### [Exercise description]
Reproduce, word for word, the lines in the material below starting with the one that has "Aden + Anais" and going on through the one that has "Illustration of different". Leave out all pictures.

### [Material provided]

★ ★ ★ ★ ★ ★ ★

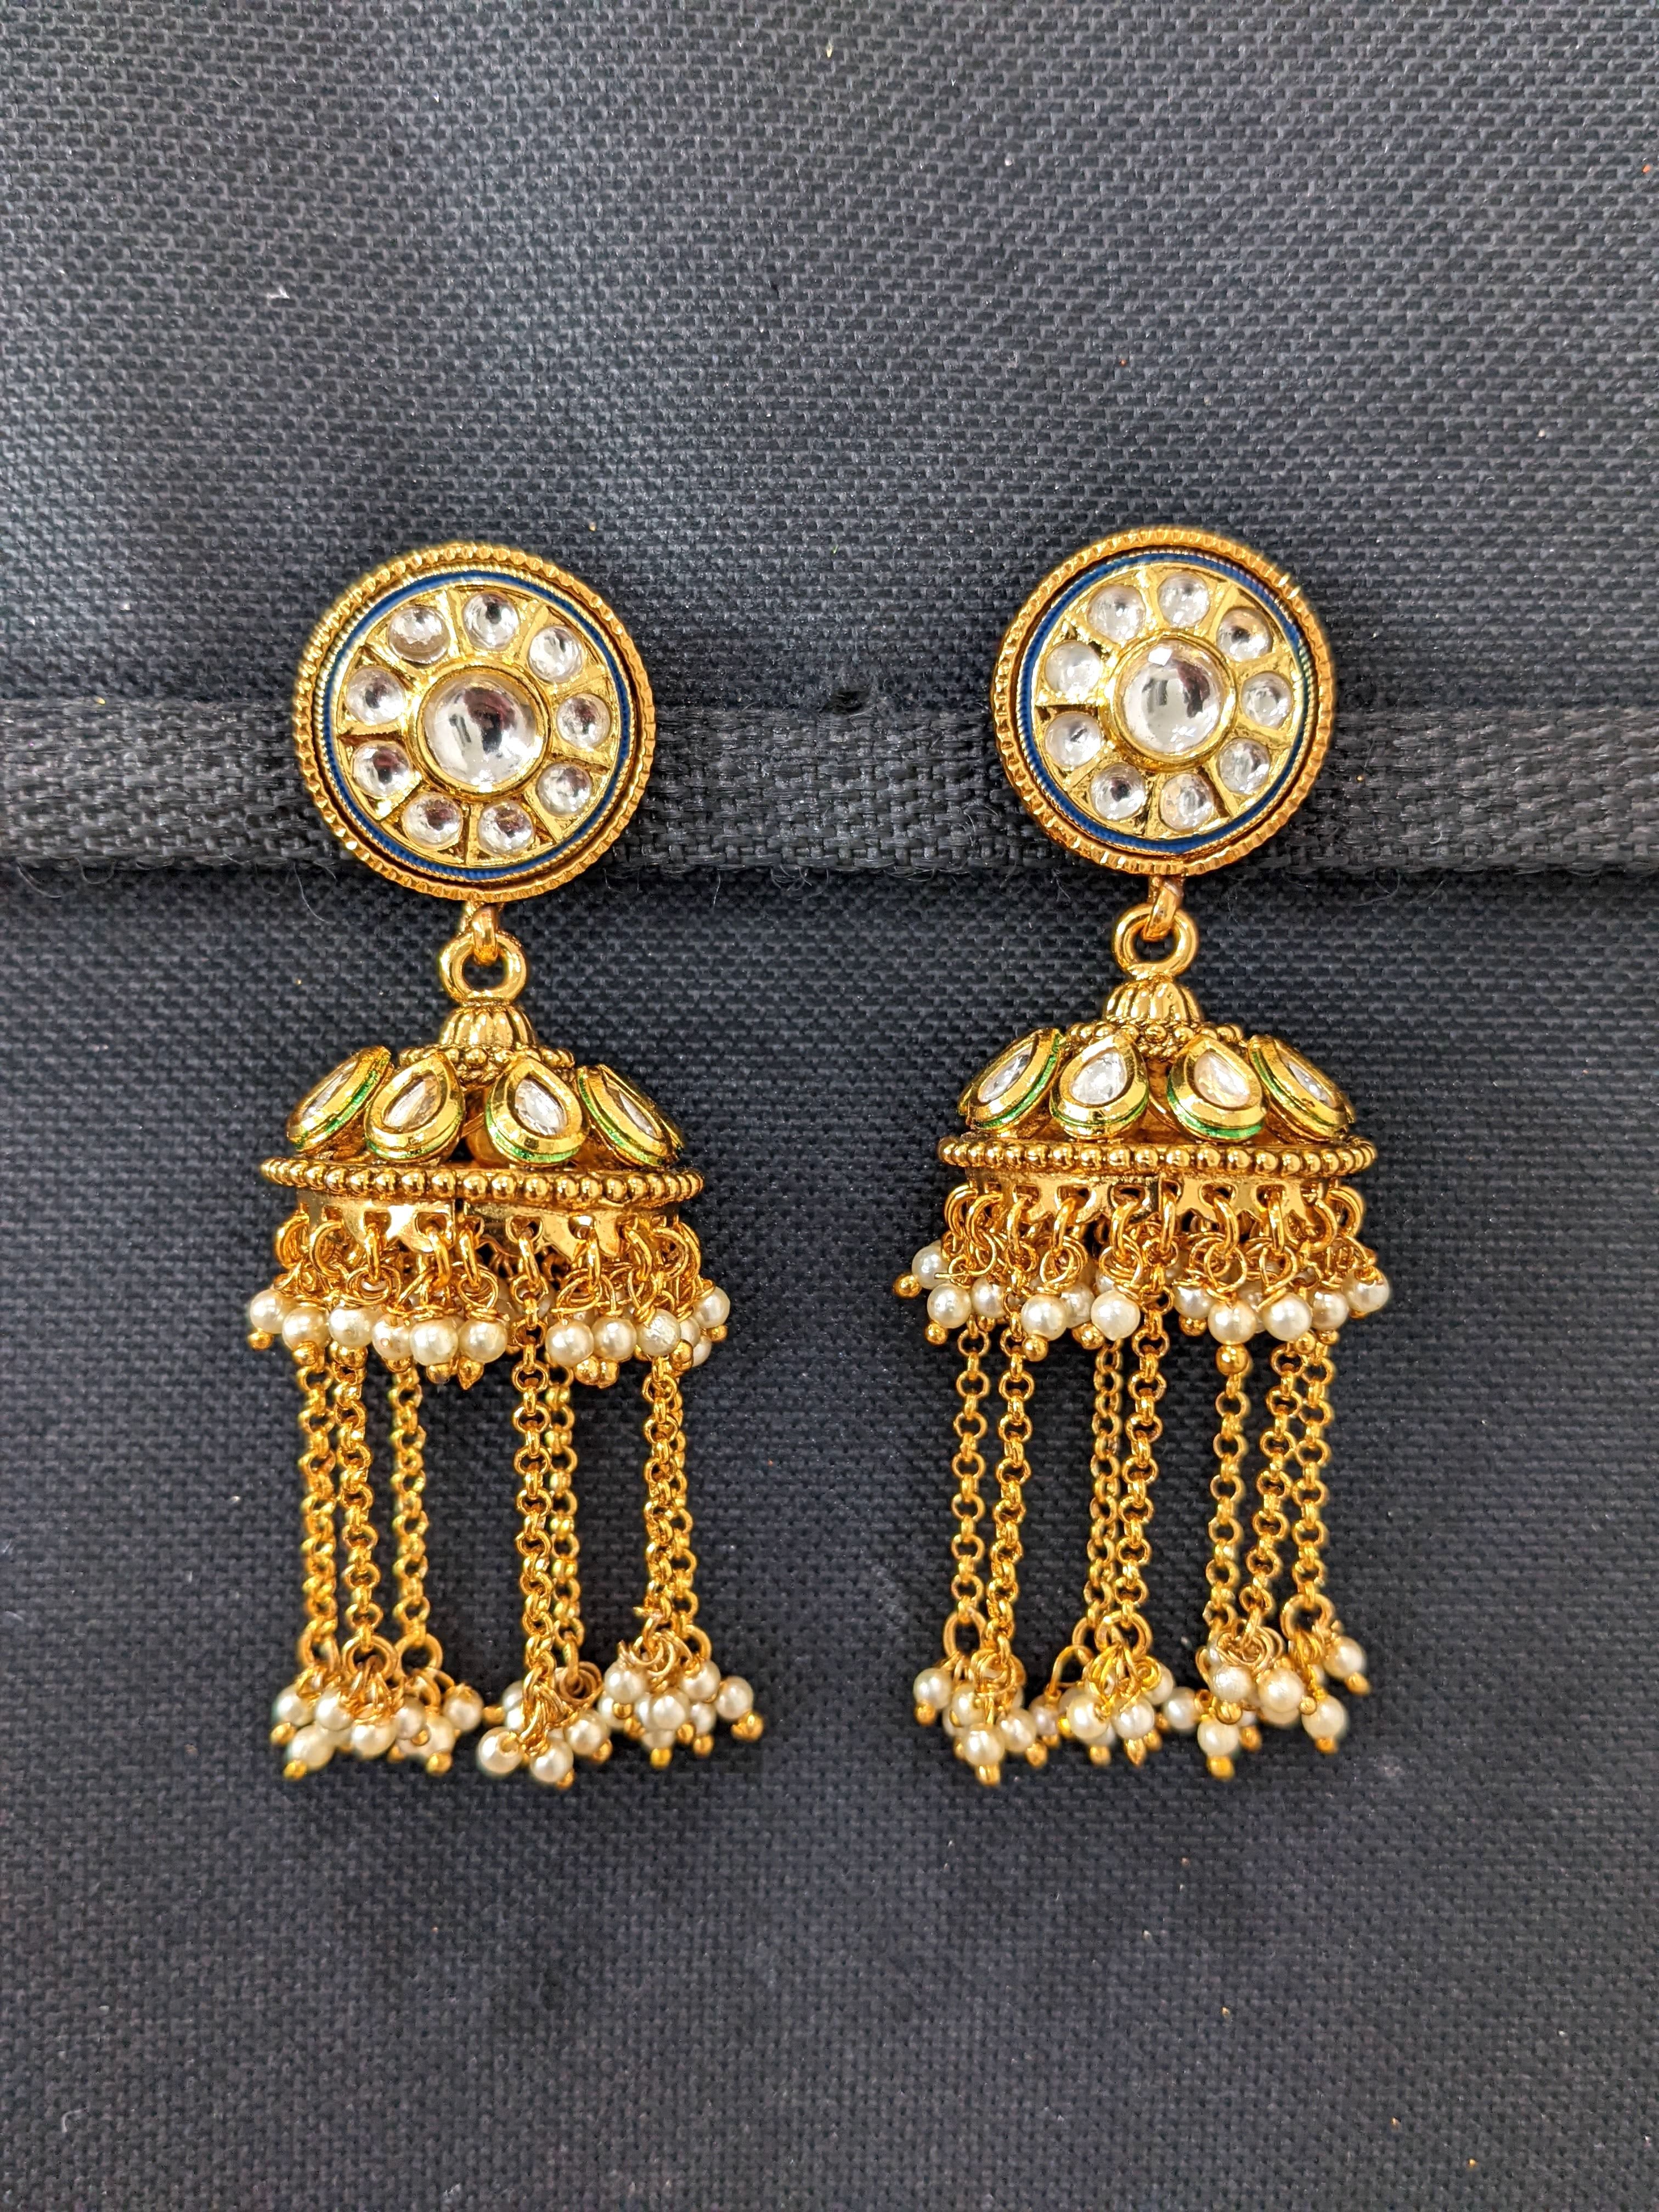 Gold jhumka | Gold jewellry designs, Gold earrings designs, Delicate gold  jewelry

★ ★ ★ ★ ★ ★ ★

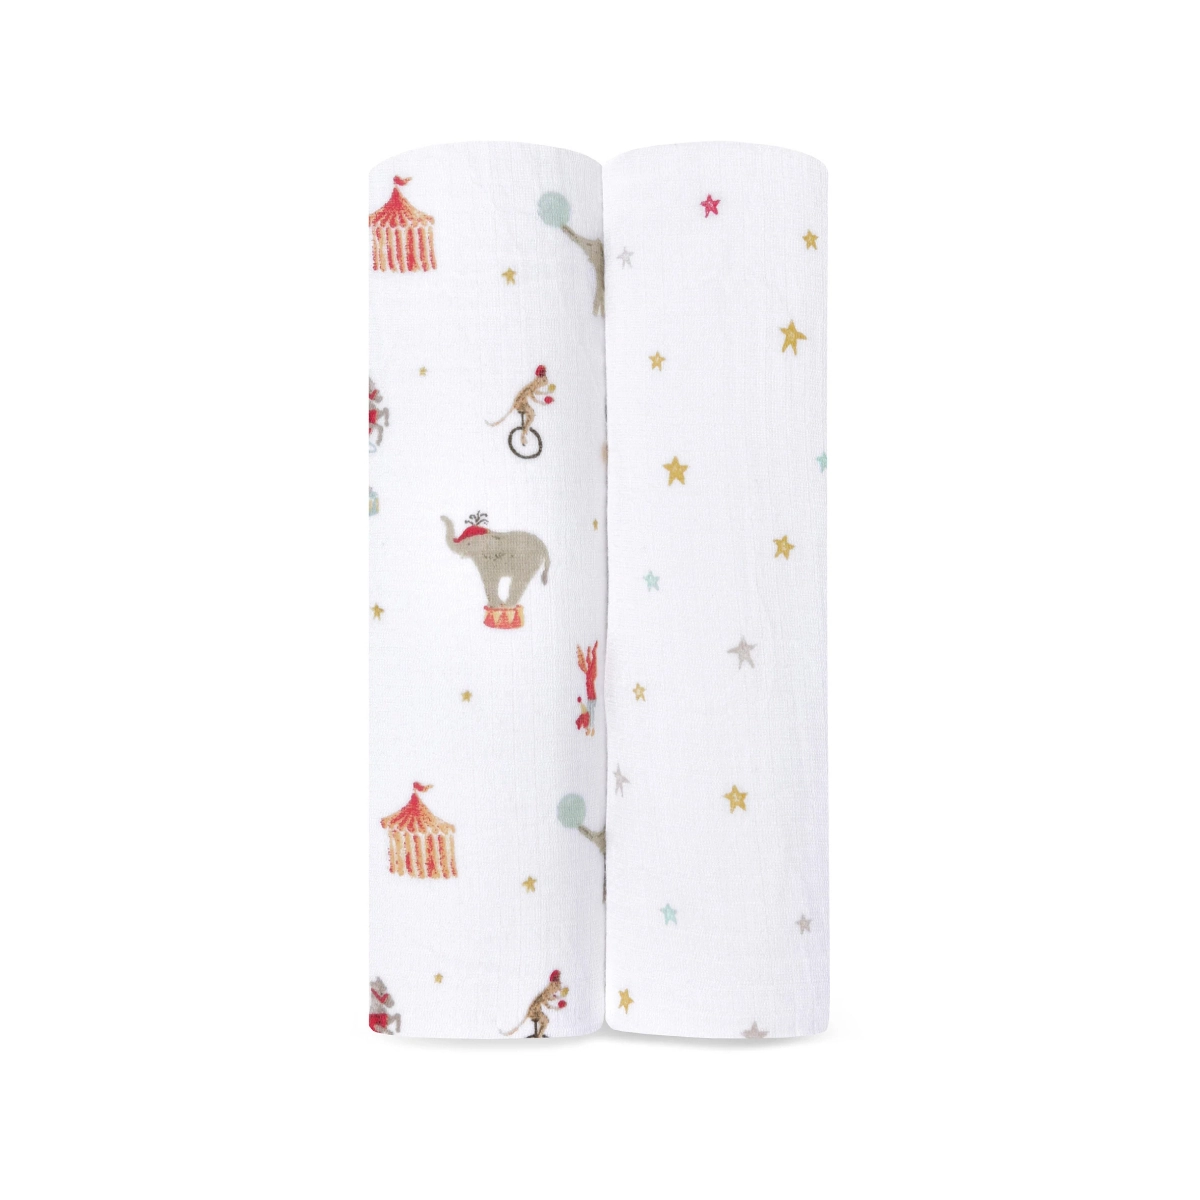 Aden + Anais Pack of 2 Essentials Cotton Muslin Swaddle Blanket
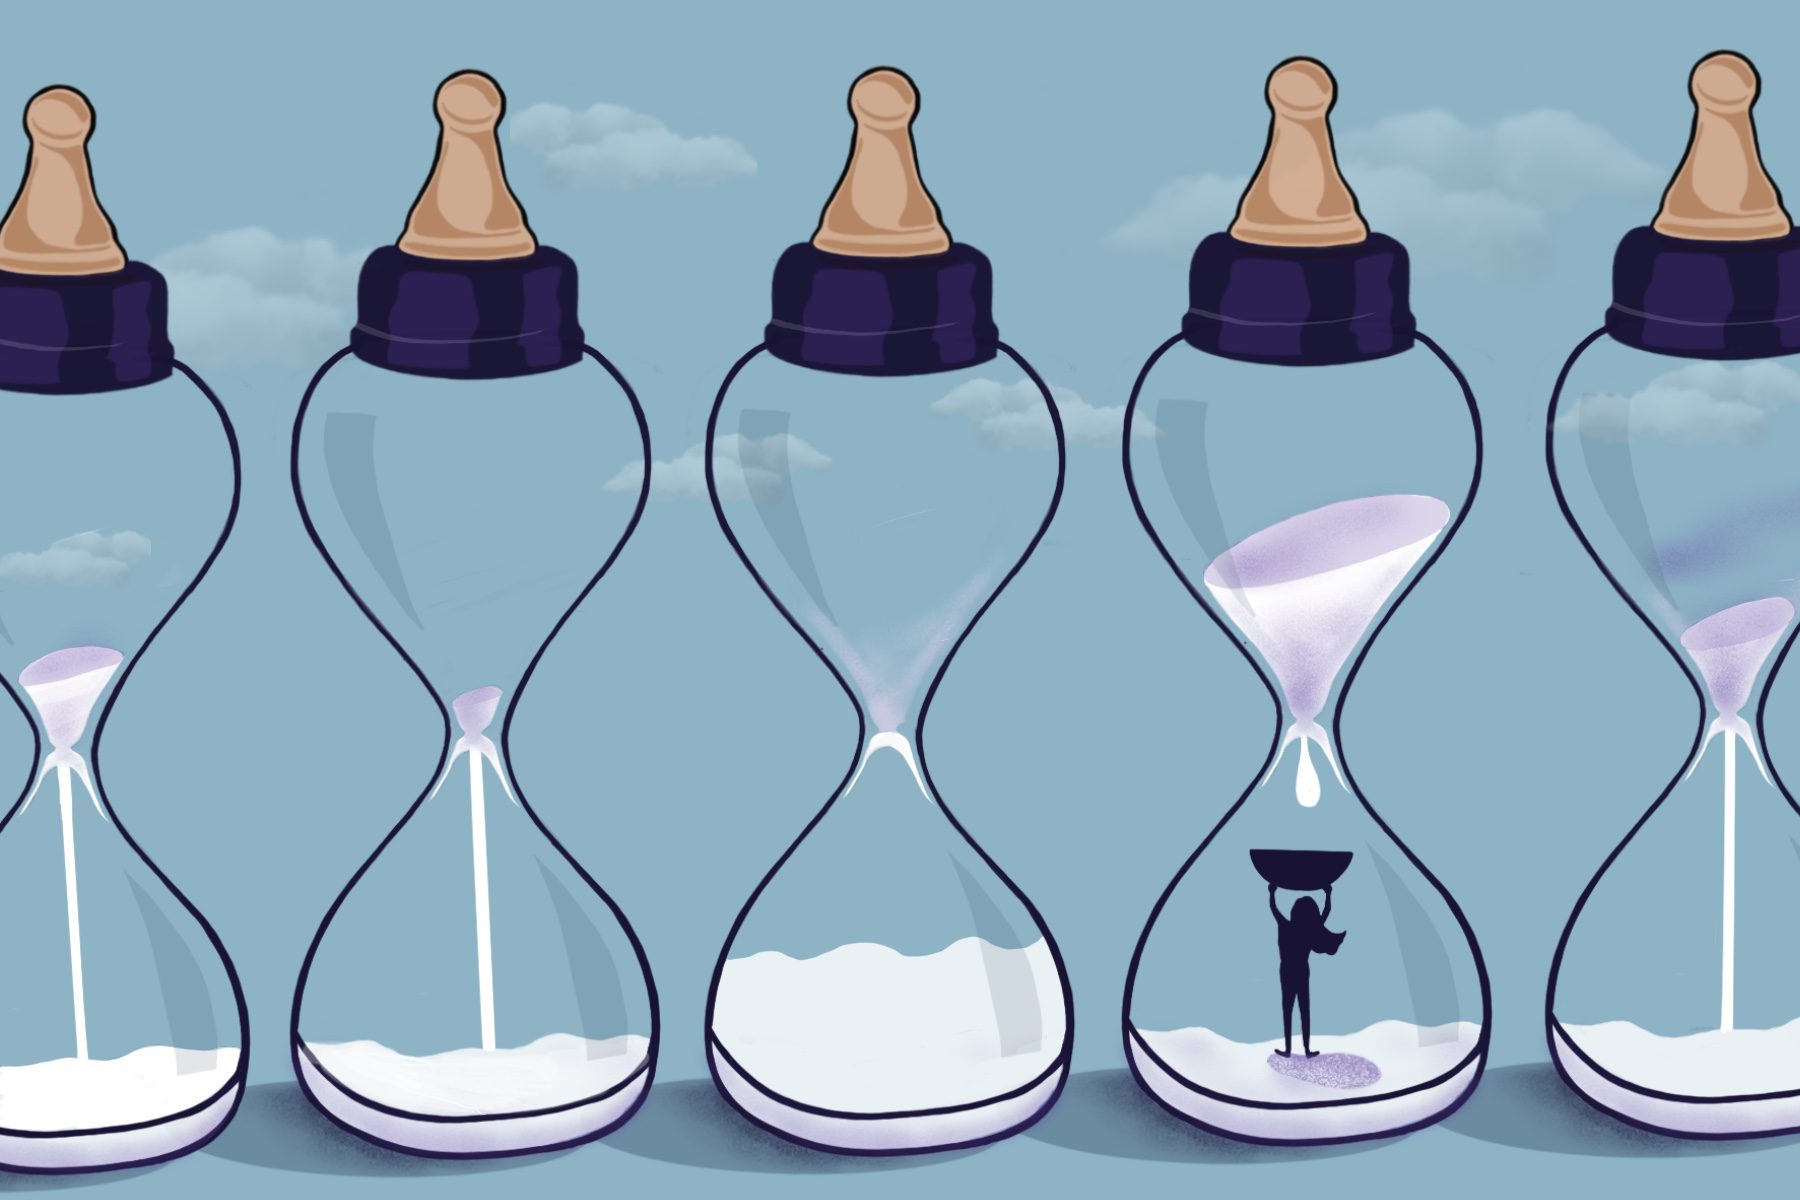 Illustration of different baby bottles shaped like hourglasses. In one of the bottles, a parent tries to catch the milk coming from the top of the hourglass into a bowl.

★ ★ ★ ★ ★ ★ ★

### [Reply to the exercise]
 Aden + Anais Pack of 2 Essentials Cotton Muslin Swaddle Blanket
 Illustration of different baby bottles shaped like hourglasses. In one of the bottles, a parent tries to catch the milk coming from the top of the hourglass into a bowl.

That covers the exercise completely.